Continuing the discussion on the merits of numismatic museums, Douglas Mudd writes:
As a correction to Alan Weinberg's comments on the Lilly collection, the exhibition was not taken down because of questions about the authenticity of its objects - it was taken down because the National Museum of American History, in its wisdom, decided that it would rather have a hole in the floor where the exhibit was located - so that the public could look down on the Star-Spangled Banner which flew over Fort McHenry.
The staff of the National Numismatic Collection and many collectors who were aware of the situation opposed the takedown (as did scholars concerned about flag etiquette), but to no avail - the then-management of the museum was not interested in numismatics. There are over 6,000 gold items in the Lilly collection including approximately 50 of the ingots Alan mentions. The vast majority of the collection is of unquestioned authenticity. Of the four ingots that have been scientifically examined by knowledgeable and unbiased experts (Bob Evans and Fred Holabird), two were found to be fakes. This is the area where many previously questioned pieces have been vindicated by recent underwater archaeology.

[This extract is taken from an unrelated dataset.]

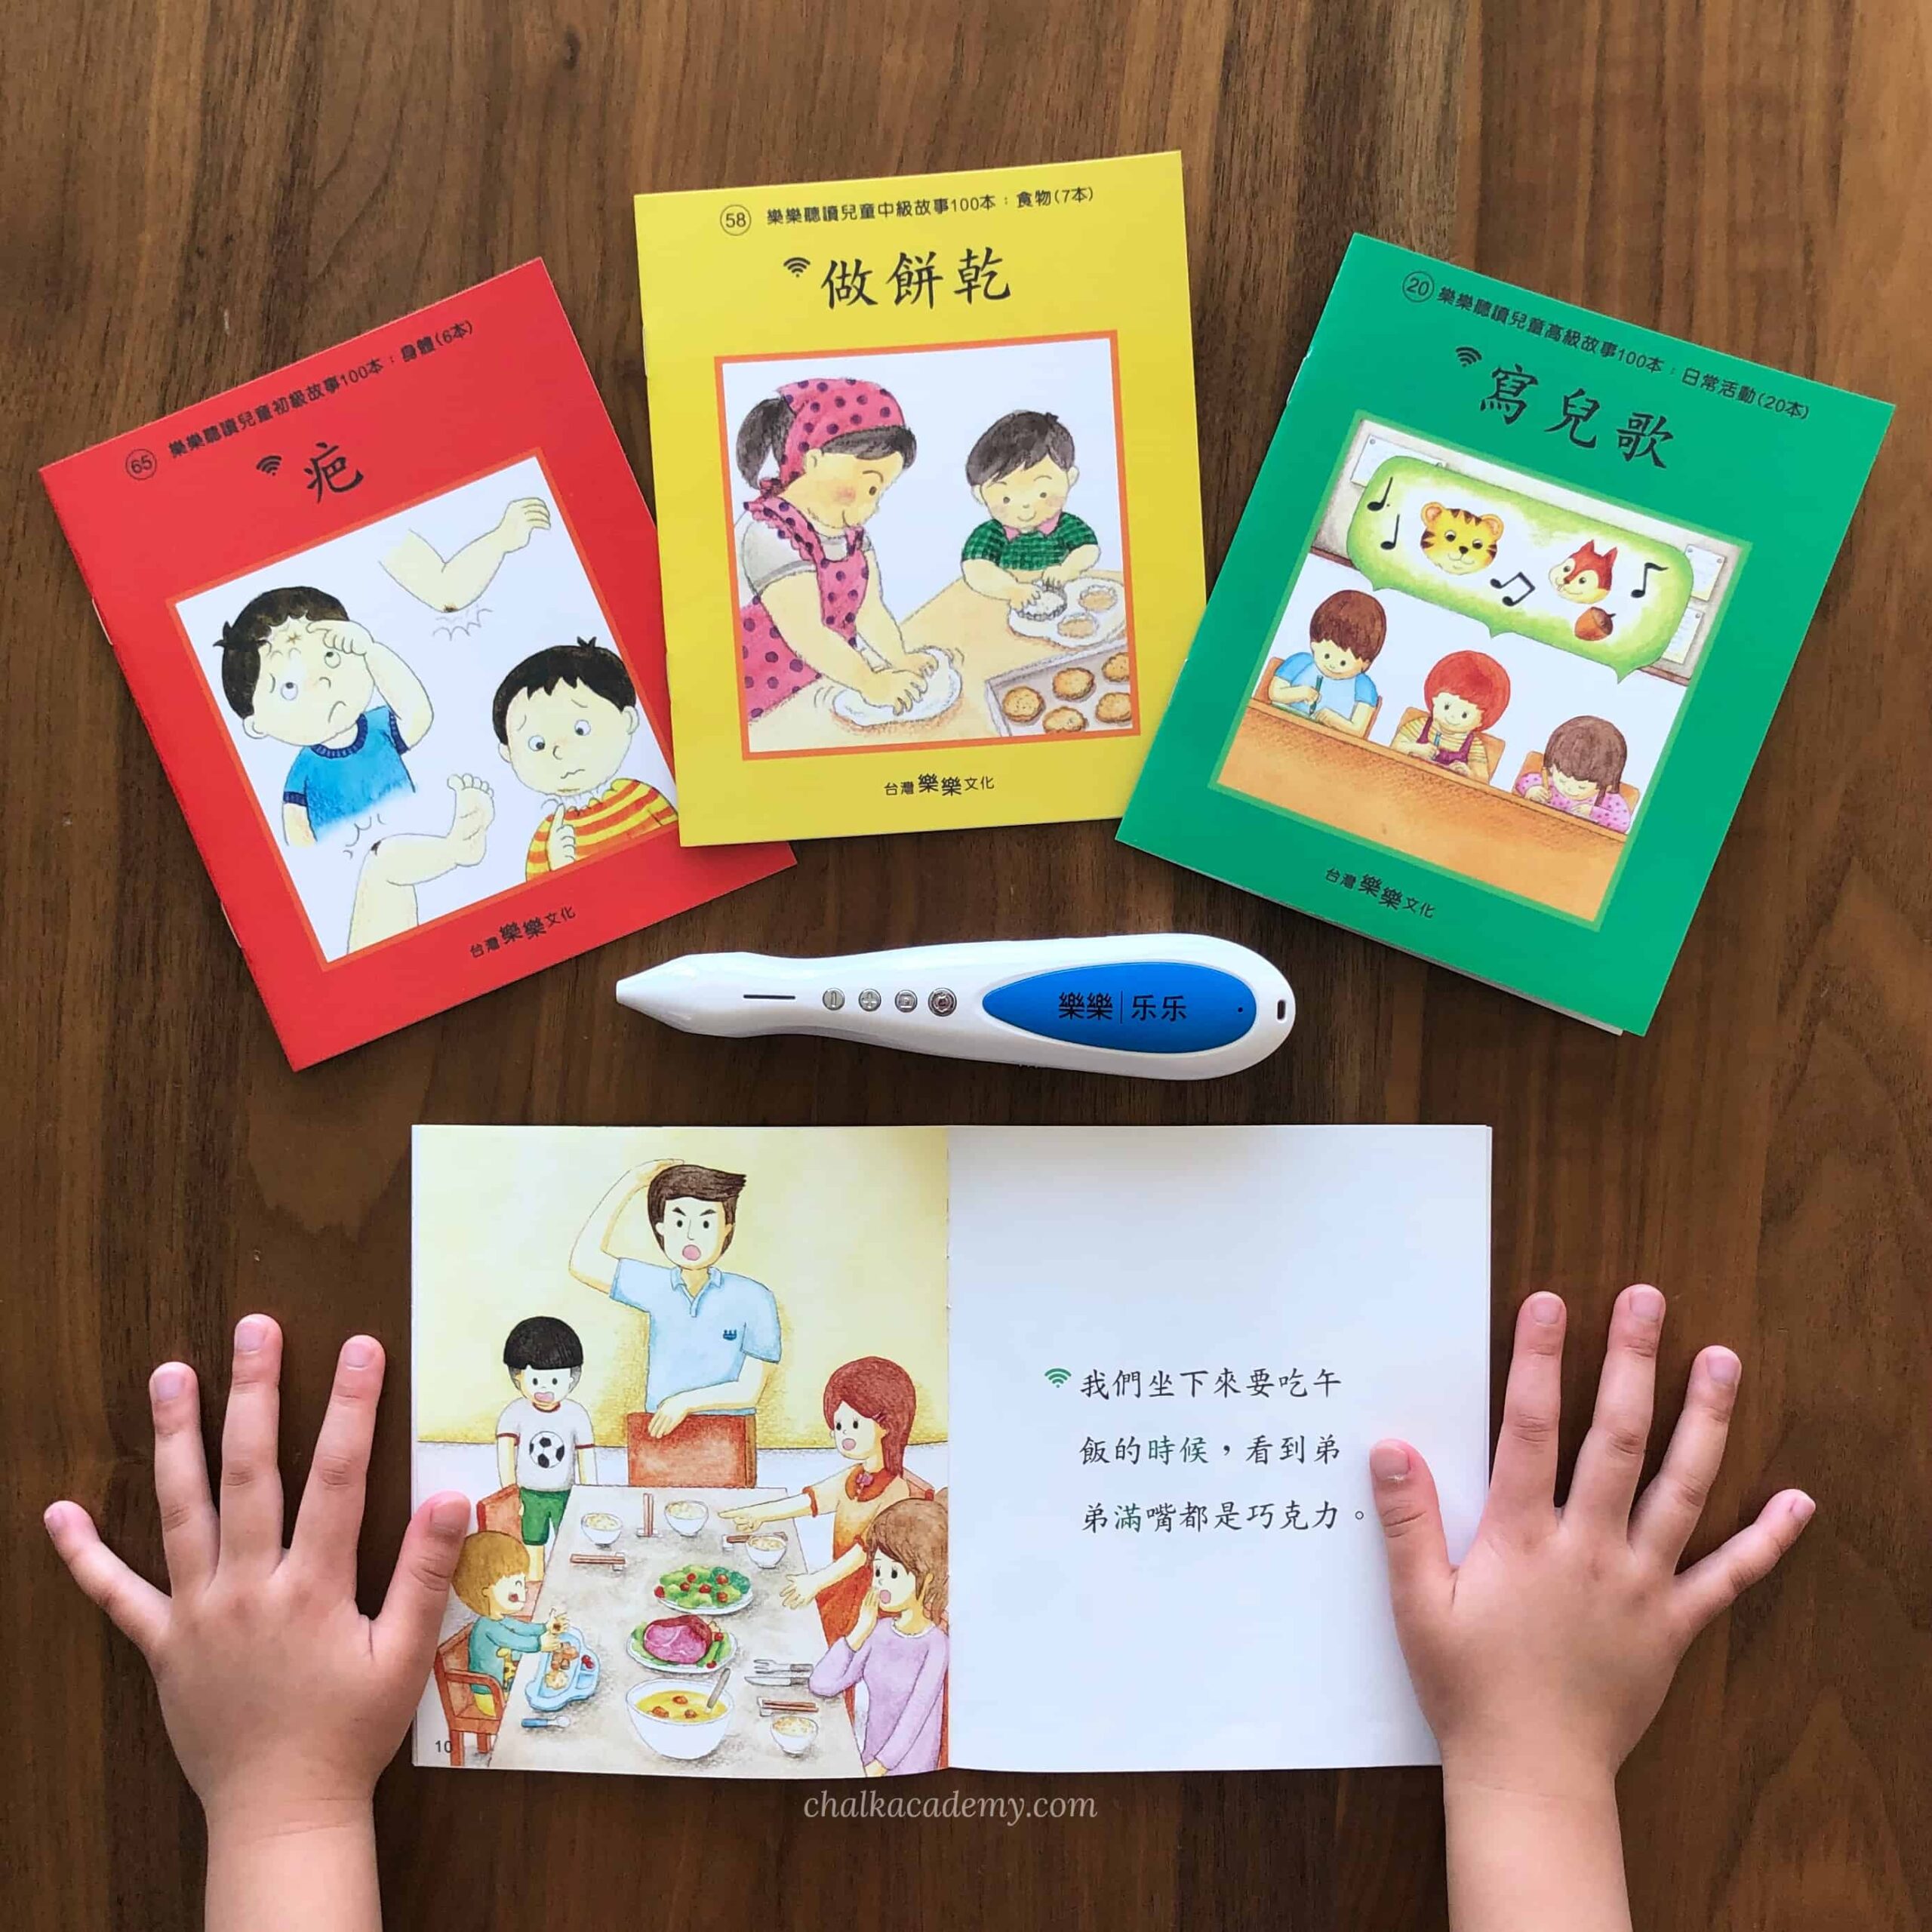 Le Le Chinese Reading Pen Books 樂樂文化 Help Kids Learn

On the subject of museums containing fakes - there is no better place for them. They can then form a benchmark with which to compare and check other pieces for authenticity instead of being passed from unsuspecting collector to another or, worse, from collectors or dealers who do know that they are fakes. At the least the pieces are out of the market.

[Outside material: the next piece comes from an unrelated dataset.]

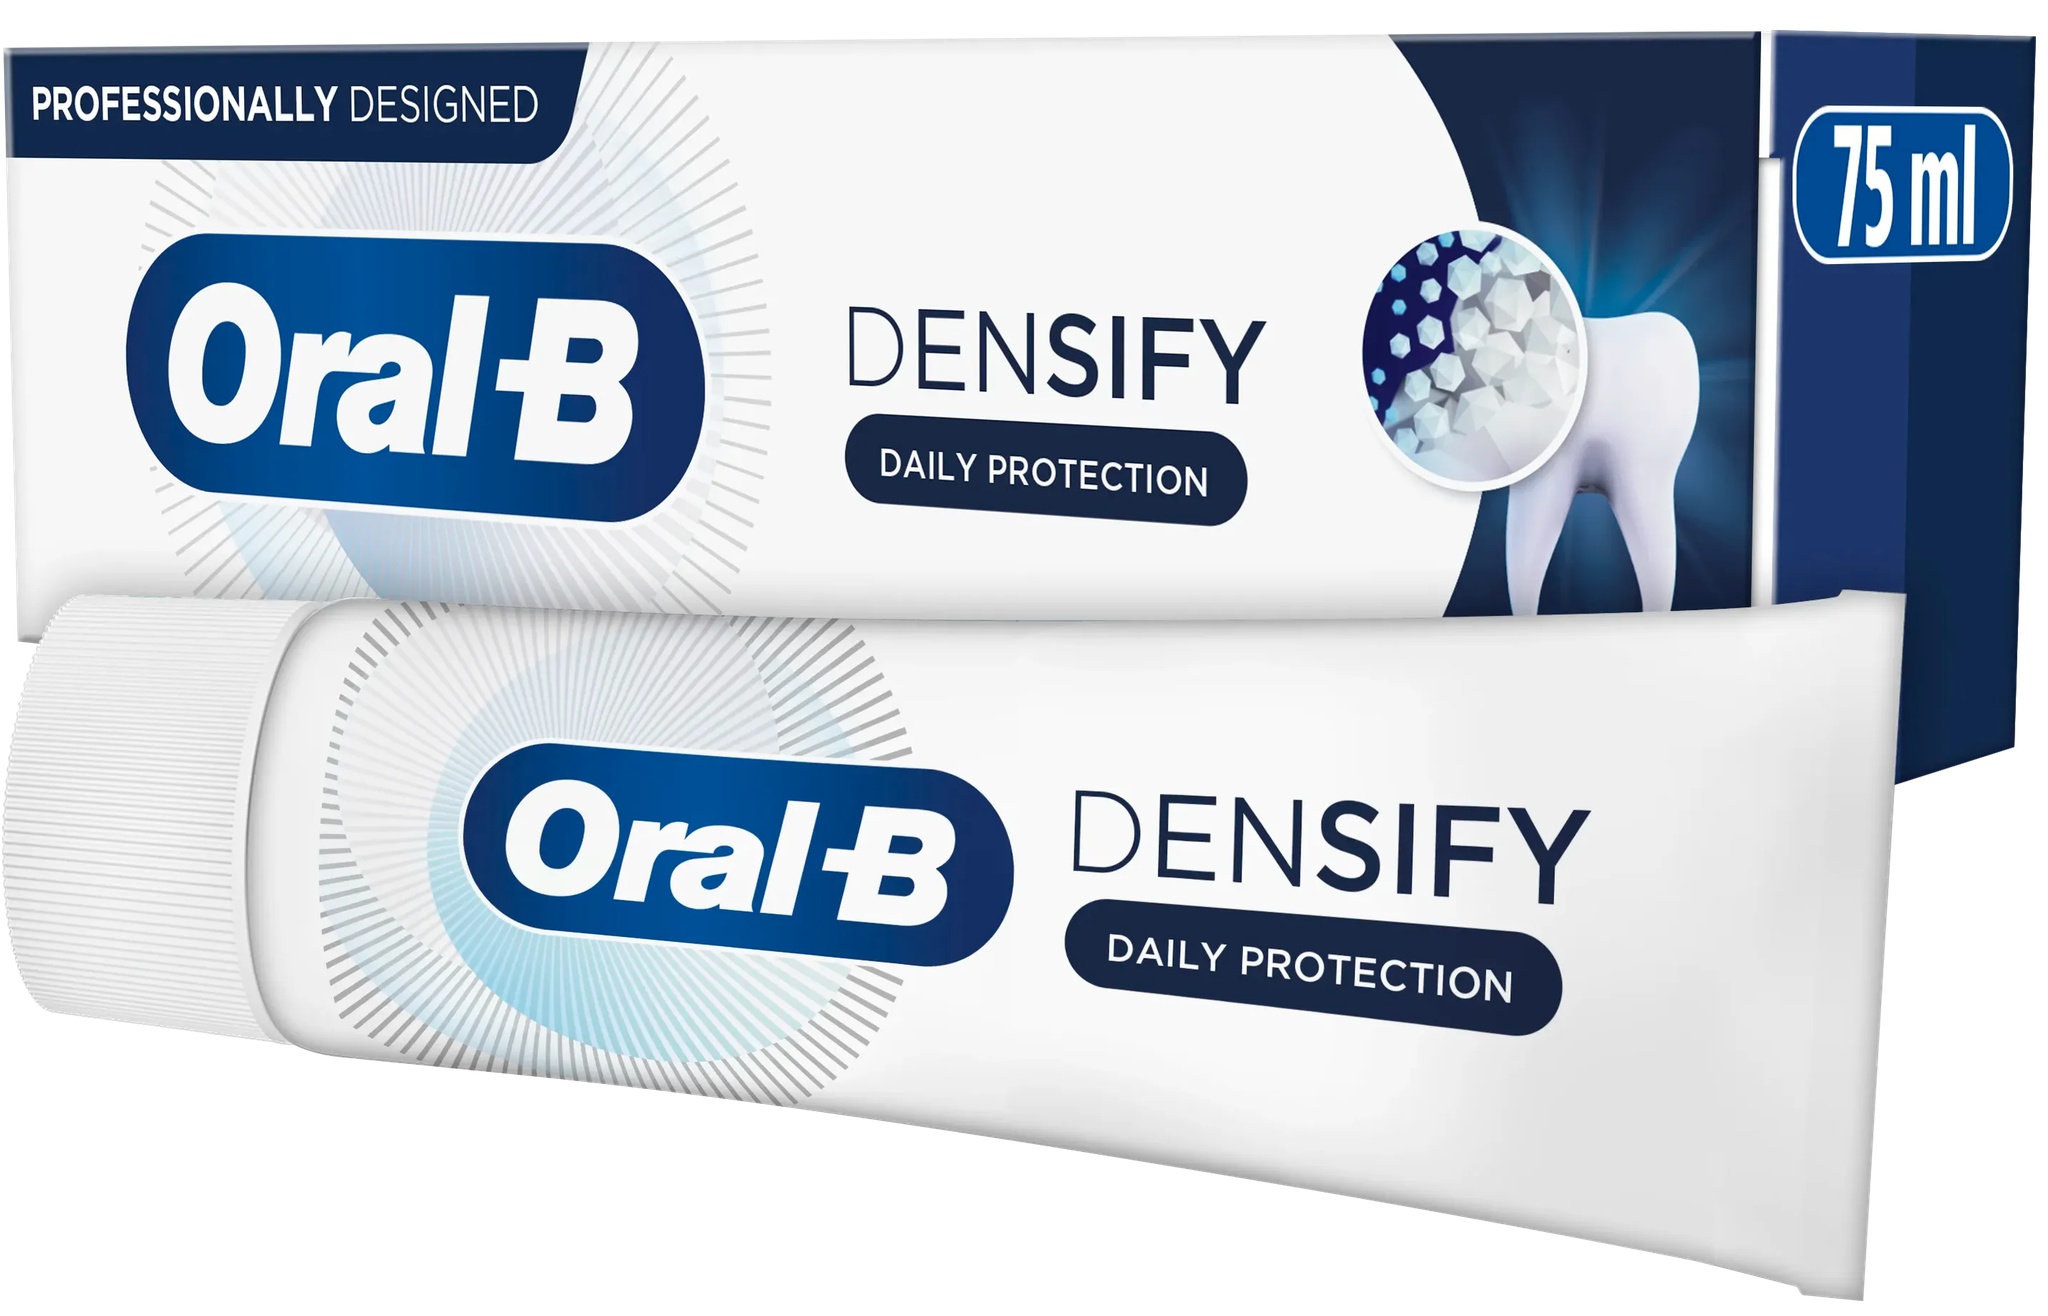 Oral-b Densify Daily Protection Toothpaste

Of course, Alan's initial point is unfortunately quite valid, especially in the U.S. Without proper staffing and support, public museums cannot do what they have a responsibility to do - make their collections available to the public through exhibitions and publications (books, the web, etc.) or to trusted researchers for study.

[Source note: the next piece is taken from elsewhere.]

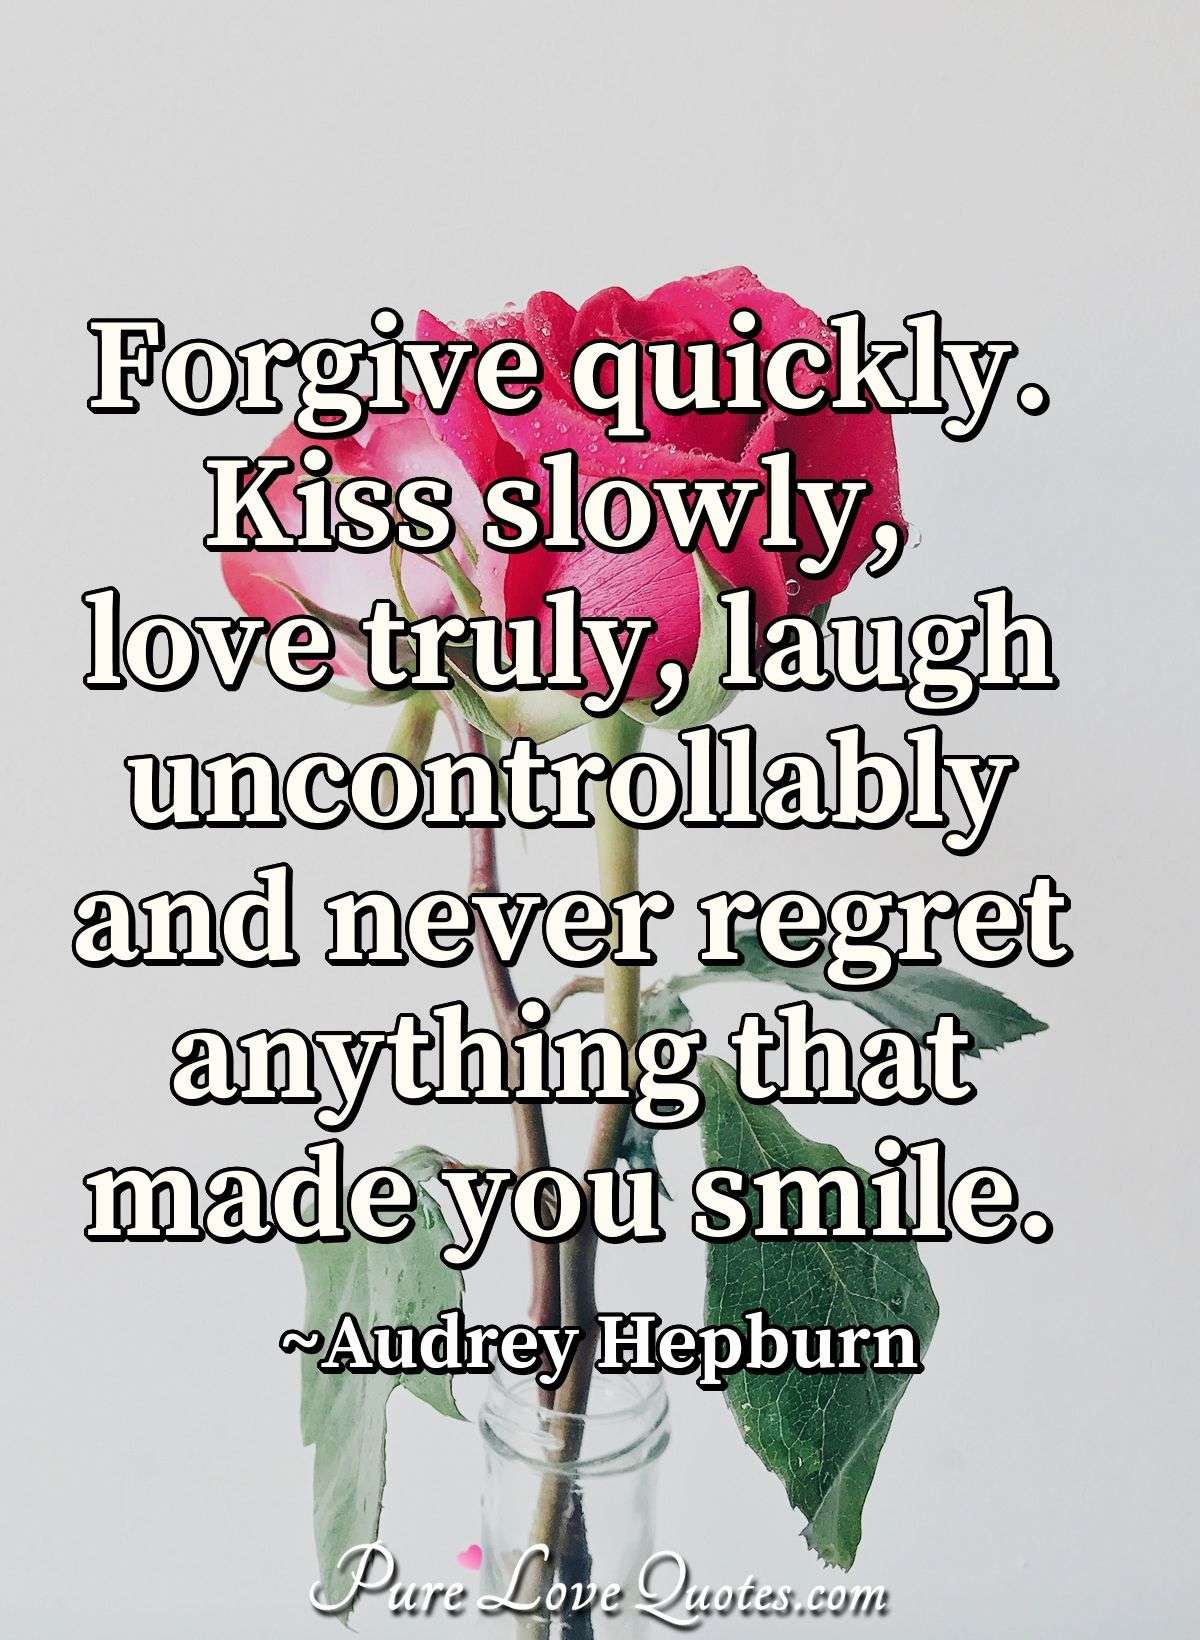 Forgive quickly. Kiss slowly, love truly, laugh uncontrollably and never regret anything that made you smile. - Audrey Hepburn

It is a terrible problem, and one which will not be solved easily. As a museum professional I wish I could do more to make it happen - I have done my best - as have my colleagues - at the Smithsonian as well as at the ANA.
Unfortunately, it is tough when staffing continues to drop - at the Smithsonian's National Numismatic Collection from eleven positions in 1990 to two in 2004 when I left. The British Museum and British numismatic collections in general seem to have had the best record of maintaining numismatic collections and providing for access and publication - most notably the various British Museum catalogs, which are essential within their research areas.